Тогда был произведен опыт алхимического превращения металлов мыльницы и ночной посудины в порции еды и порционные деньги. Предварительно Фирмиан, конечно, сказал: censeo. Вряд ли стоит отмечать, что, сколько ни разрастались его торговые операции, эти ростки, больше похожие на сухие сучья, приносили очень мало плодов.
Тощая фарфоровая корова, или масленка, после продажи едва ли послужила бы обоим супругам питающей дойной коровой дольше одного дня, если бы ее не сопровождали семь монархов (а именно прескверные их гравированные портреты) в качестве придачи, за которую сгорбленная посредница выторговала немного топленого масла. «Censeo» — сказал поэтому Фирмиан. Многие читатели моей повести наверно еще помнят, что когда он недавно распределял среди вещей уведомления о кончине, то не обратил особенного внимания на салфетки, лежавшие столь близко от клетчатого платья; однако теперь он и для них сделался зловещей совой и священником, напутствующим висельников, и почти поголовно истребил их.
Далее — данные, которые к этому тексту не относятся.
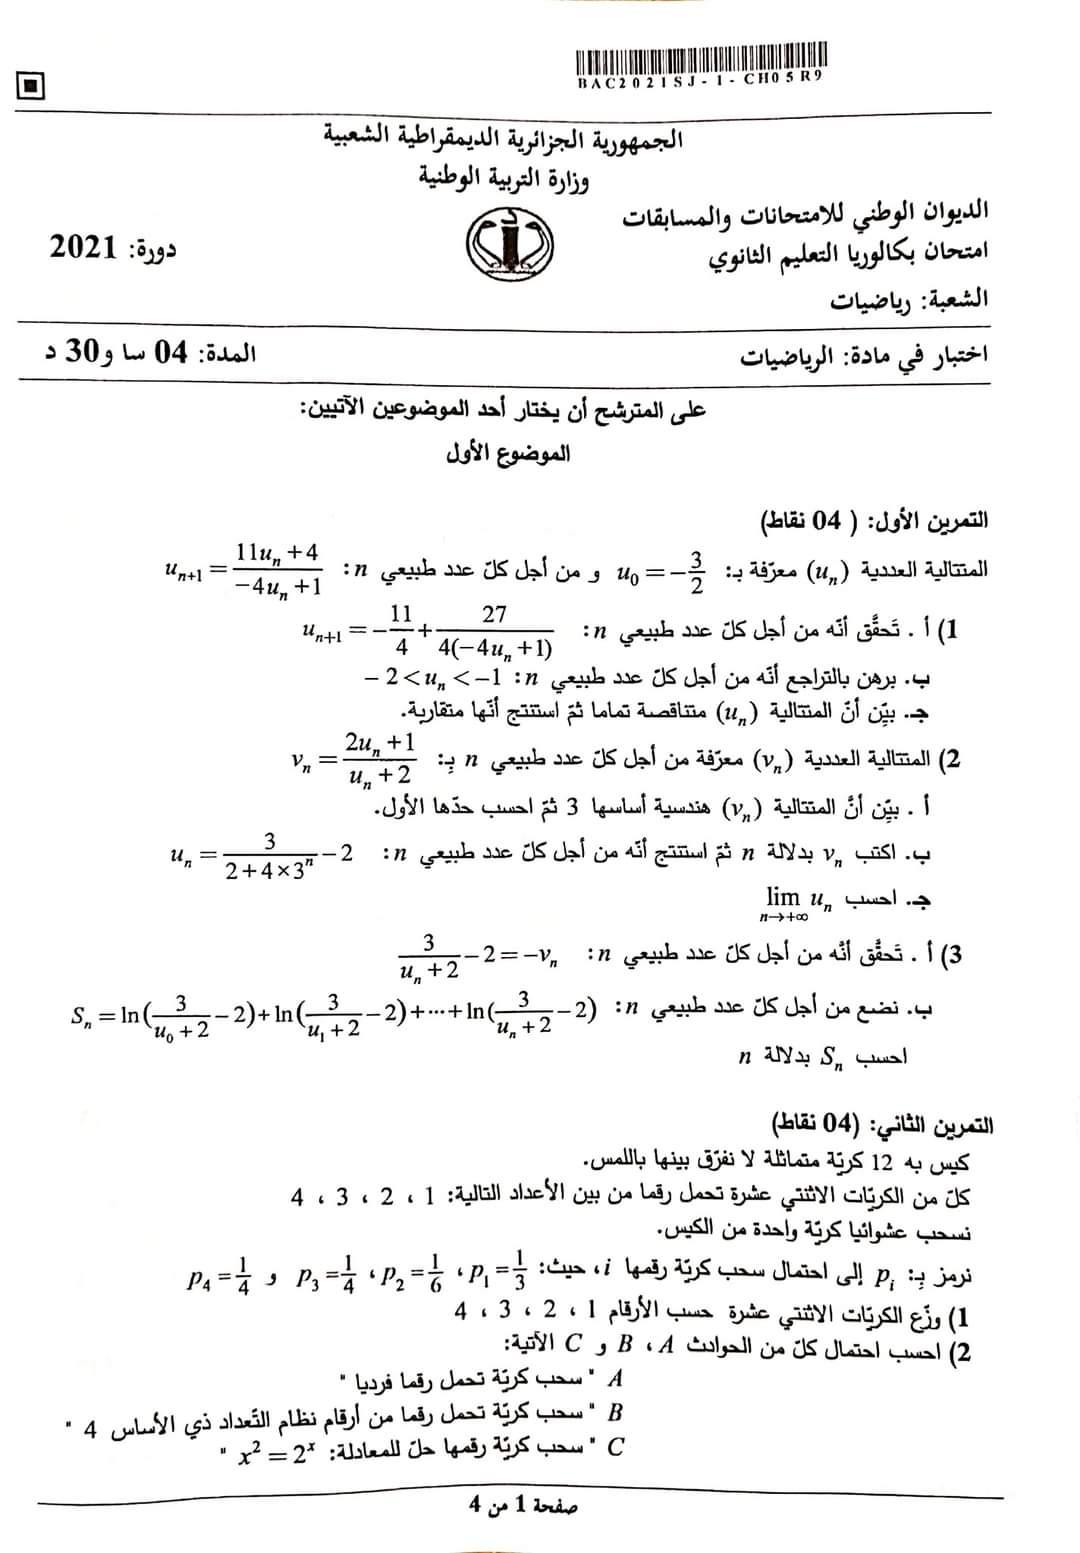 موضوع الرياضيات بكالوريا 2021 شعبة رياضيات

Когда их не стало, он, незадолго до Мартинова дня, между прочим заметил, что налицо еще имеется салфеточный пресс, которому, однако, решительно нечего делать и прессовать. «Раз уж так получилось, — продолжал он, повеселев, — то пресс, конечно, может получить отпуск до тех пор, пока мы сами не выберемся начисто из-под лощильного, маслинного и салфеточного пресса судьбы и сможем подвязать себе в петлицу возвратившиеся салфетки». — Сначала он даже намеревался было направить погребальное шествие в обратном порядке и предпослать салфеткам пресс в качестве форзаца и форрейтора, чтобы вместе с процессией обернуть и силлогизм: «Я не знаю, к чему нам салфетки и как мы их будем гладить, пока пресс не вернется домой».
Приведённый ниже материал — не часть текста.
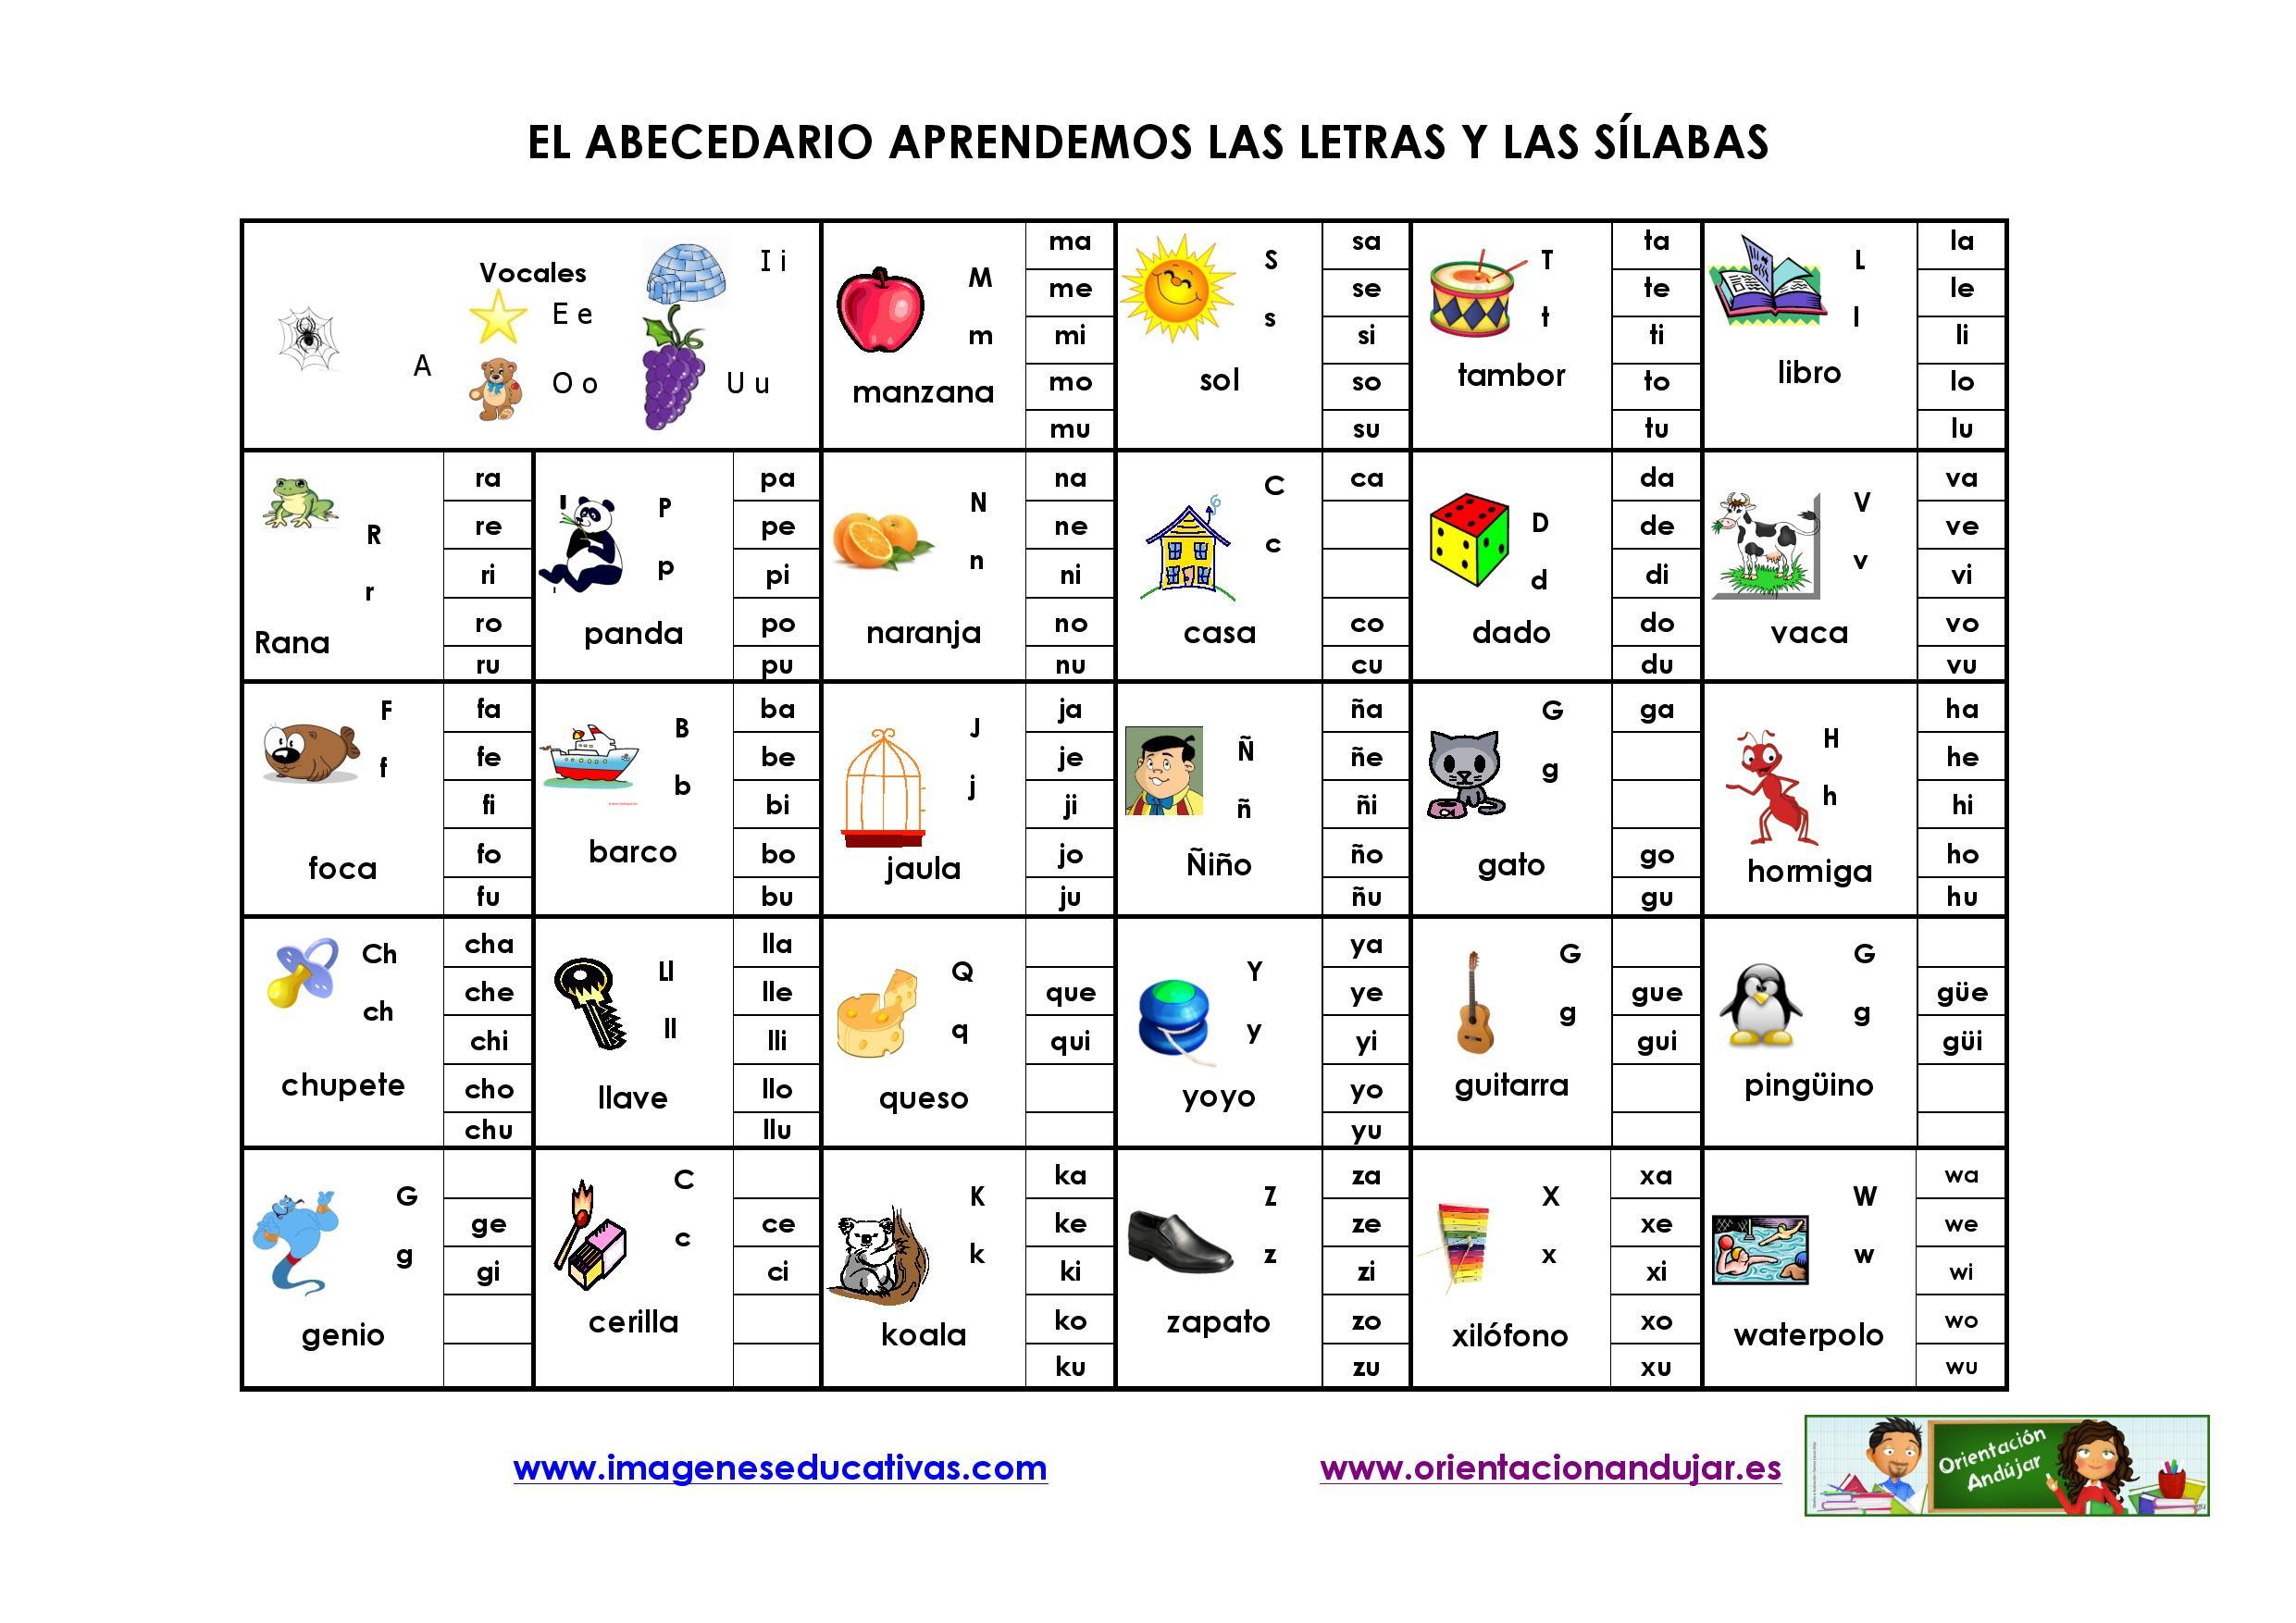 El abecedario aprendemos las letras y las sílabas

Я твердо и крепко убежден, что здесь большинство читателей, подобно Ленетте, будут всплескивать руками над головой и причитать над моим торговым консулом Зибенкэзом и над его ганзейским союзом со всякими торгашами. «Вот шалый человек! Ведь так ты станешь нищим: спустил такие прекрасные вещи!» — Фирмиан каждый раз отвечал ей: «Значит, я должен упасть на колени и выть и, словно еврей, с горя разрывать на себе и без того разорванный сюртук и выдергивать волосы, хотя скорбь часто выщипывает их за одну ночь. Разве недостаточно твоего вытья, разве ты не служишь мне заправской плакальщицей, словно римская praefica? Но я тебе клянусь, жена, так торжественно, словно я стою на свиной щетине:[80] если богу, сотворившему меня столь веселым, угодно, чтобы я расхаживал по всему городу с восемью тысячами дыр в сюртуке, в рваных чулках и в сапогах без подошв, если мне суждено все больше беднеть (тут его глаза невольно увлажнились, и голос дрогнул), то пусть чорт меня заберет и до смерти заколотит кисточкой своего хвоста, если в ответ на все это я не буду петь и смеяться, — а кто вздумает скорбеть обо мне, тому я в лицо скажу, что он глупец. Честное слово! Апостолы и Диоген, и Эпиктет, и Сократ редко имели одежду без дыр и совсем не имели рубашки, — так чего же нашему брату в этот мещанский век сокрушаться о таком пустяке».
Ты прав, мой Фирмиан! Презирай узкое сердце окружающих тебя больших платяных молей и засевших в мебели человекоподобных жучков. А вы, бедняги, читающие теперь эти строки, — сидите ли вы в университетах, или в канцеляриях, или даже в пасторских жилищах, и, быть может, не имеющие не только черной, но и вообще никакой приличной целой шляпы, — возвысьтесь над обабившейся современностью до величия греческих и римских времен, когда благородный человек, словно изваяние Геркулеса, не стыдился пребывать без храма и без одежд; не допускайте лишь, чтобы ваш дух оскудел вместе со средствами, и тогда вы сможете гордо поднять голову к объятому трепетным полярным сиянием небу, на котором, однако, сквозь просветы близкой кровавой бури мерцают вечные звезды!